Panelist Marianna Trocinski, legal operations analyst at truck maker Navistar, said that when she started out in the industry, law firms and vendors still had to mail bills to the company.

"We had so many siloed systems across the company, and even in legal," Trocinski said.

The other four panelists were Justin Hectus, Keesal Young & Logan chief innovation officer; Anthony Mozeleski, Lucid Motors director of legal operations; Justin Silverman, senior vice president of product and strategy at Mitratech; and Kevin Wong, senior legal operations analyst at Gilead Sciences.

Here are three ways that the panelists shared for how law departments can brace their operations for the future.

Integrate Tech Systems

Mozeleski, who previously worked as a legal operations manager for Apple and General Motors for nearly 20 years, said that having technology systems that work together can save time in the long run.

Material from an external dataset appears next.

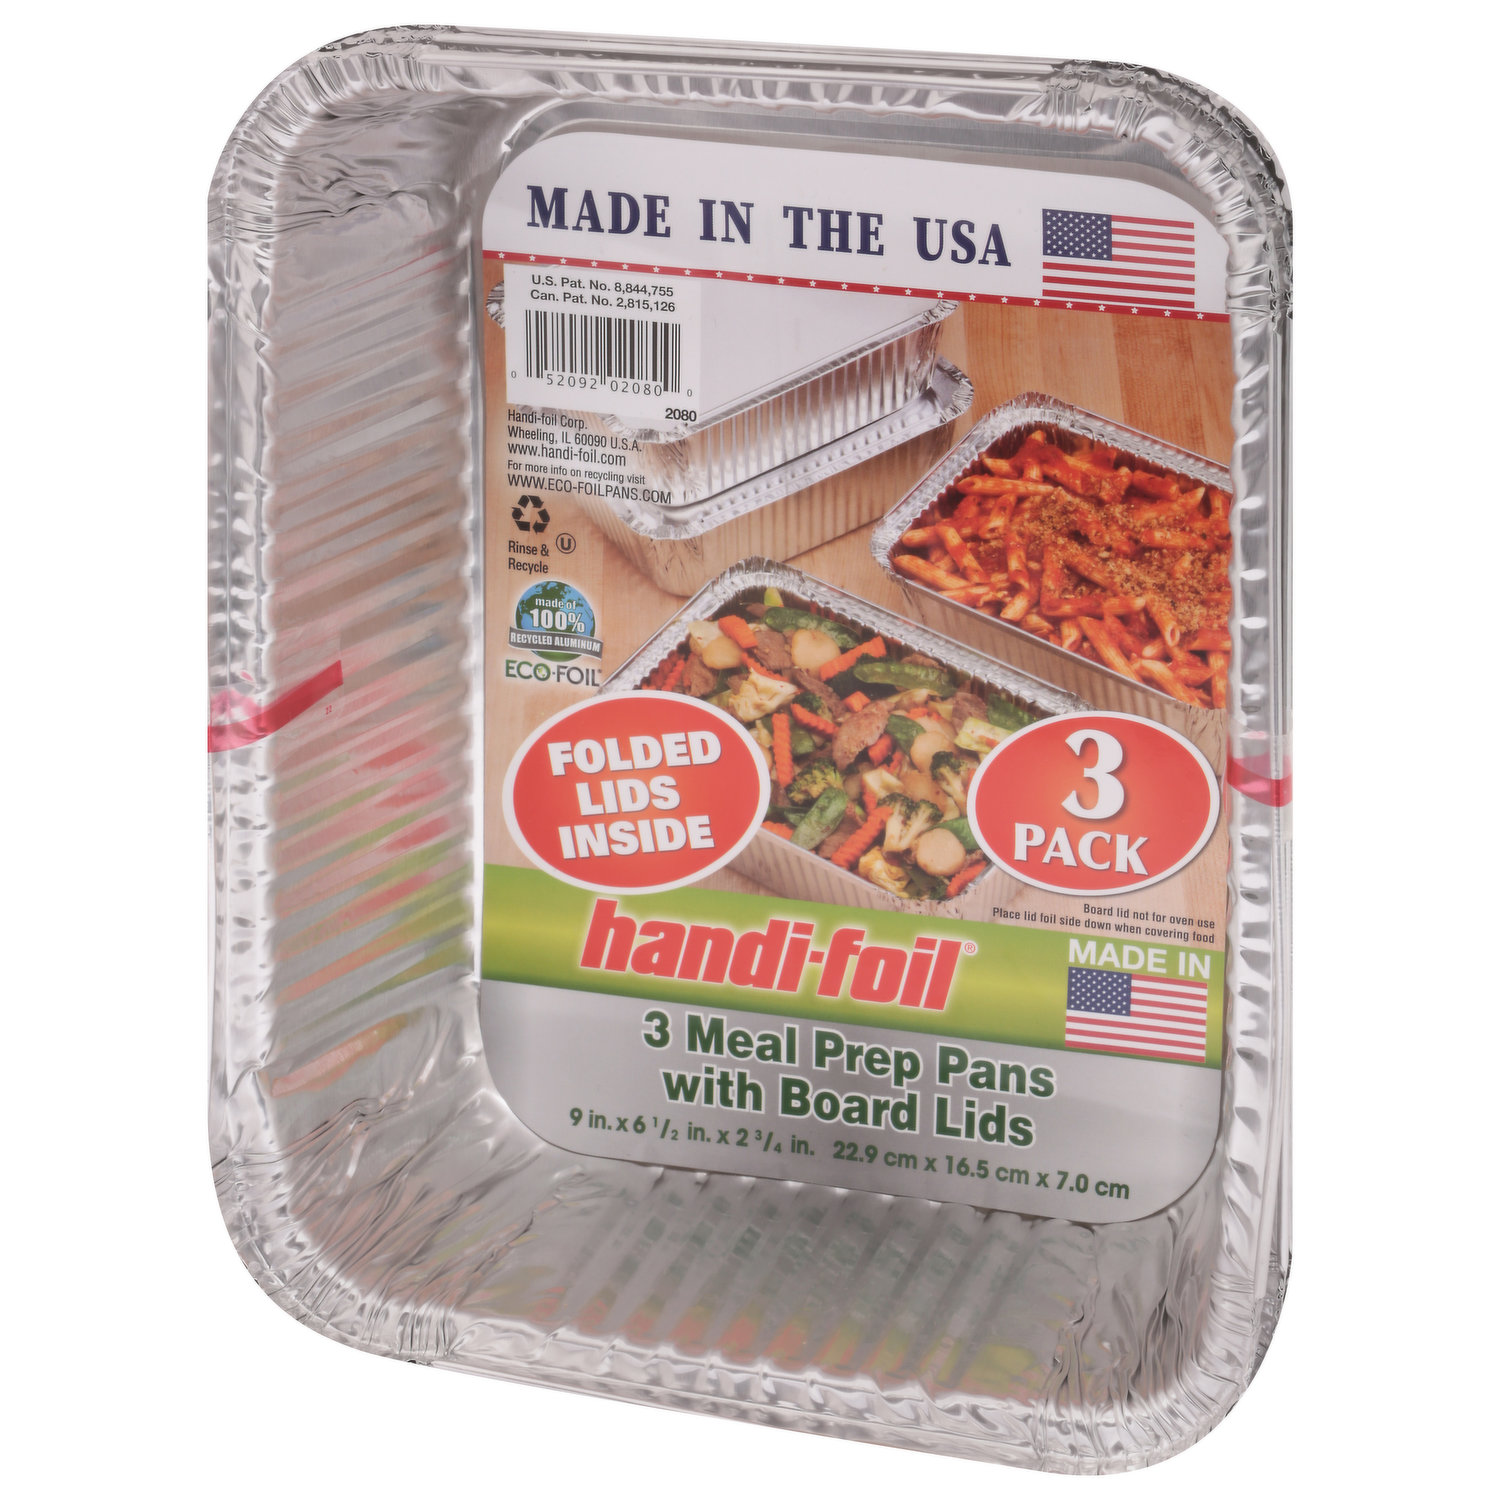 Save on Handi-Foil Giant Meal Prep Pans with Board Lids Order Online  Delivery
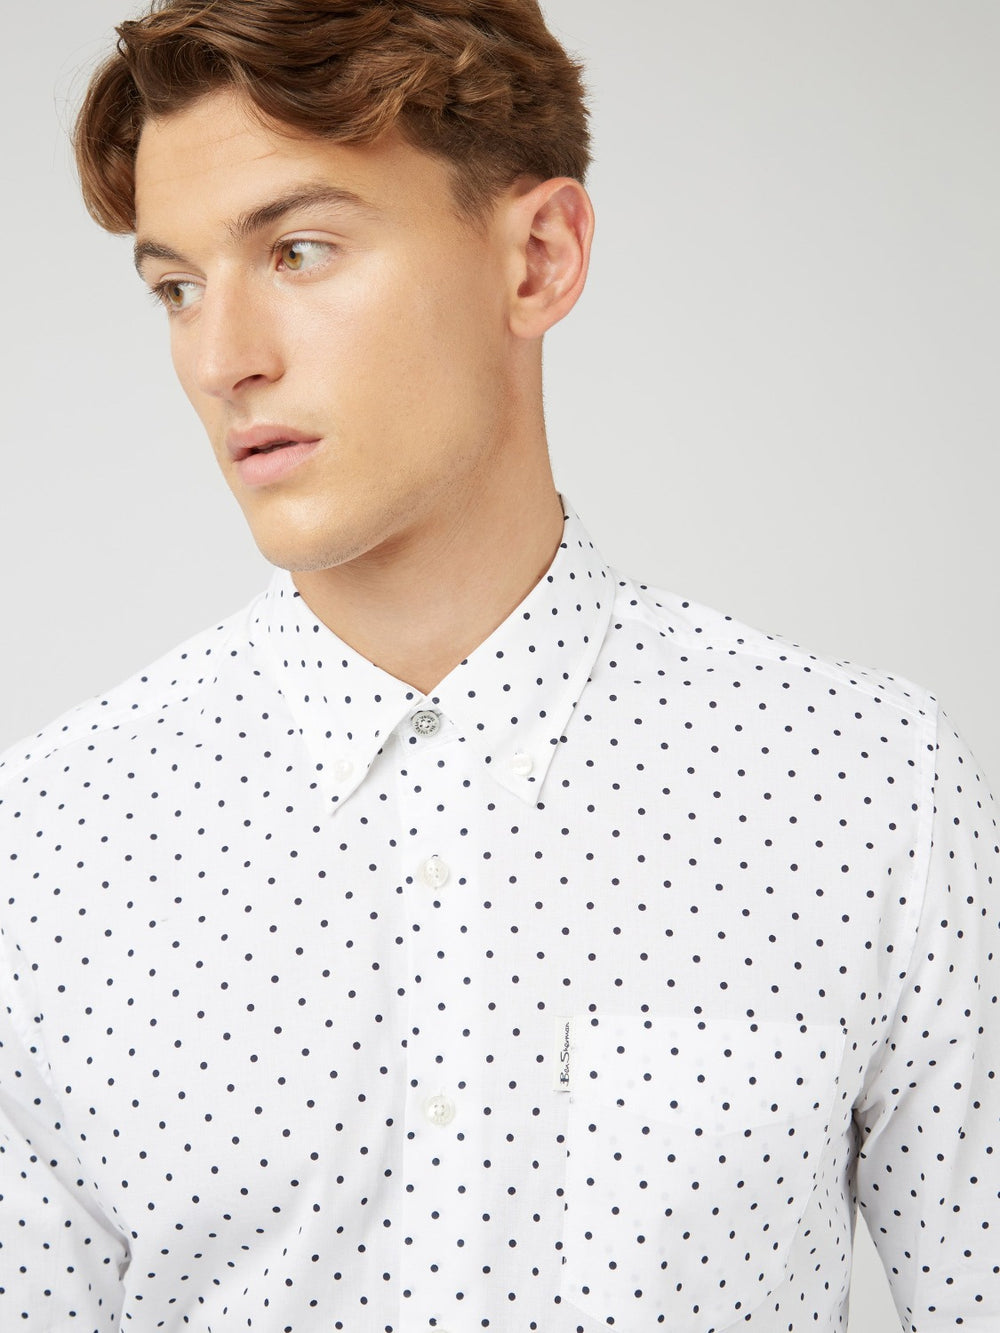 Vintage Men's Polka Dot Long Sleeve Button Down Shirts Party Work Blouse  Tee Top

When systems can be integrated together, time doesn't have to be spent copying data from one application to another, Mozeleski said.

He noted that the legal operations team at electric vehicle maker Lucid Motors uses six systems, including contract management software and electronic billing, that all work together.

"You want an application that you can use and configure to do what you need to do so you can change with the business without having to get funding for a formal project or information technology or wait six months for the project to ramp up," he said.

Create Change Buy-In

Trocinski said that when she tried to formalize legal operations at Navistar she faced a lot of resistance from attorneys who had been with the company for decades and didn't want to change how they did their business.

When adopting new processes, legal operation managers need to explain the reasoning behind changes to get their team onboard, Trocinski said.

"You have to be able to explain the 'why' and get the buy-in," she said.

Choose "A Single Source of Truth"

Related to integrating systems, Wong said that legal operations teams should adopt a "single source of truth," which is an IT term for one platform where all data is aggregated.

Choosing a single software platform for aggregating data makes projects move faster because data then doesn't need to be sorted through to eliminate duplicate information, Wong said.

"One of our early goals at Gilead was to find a platform that could serve as a single source of truth," he said.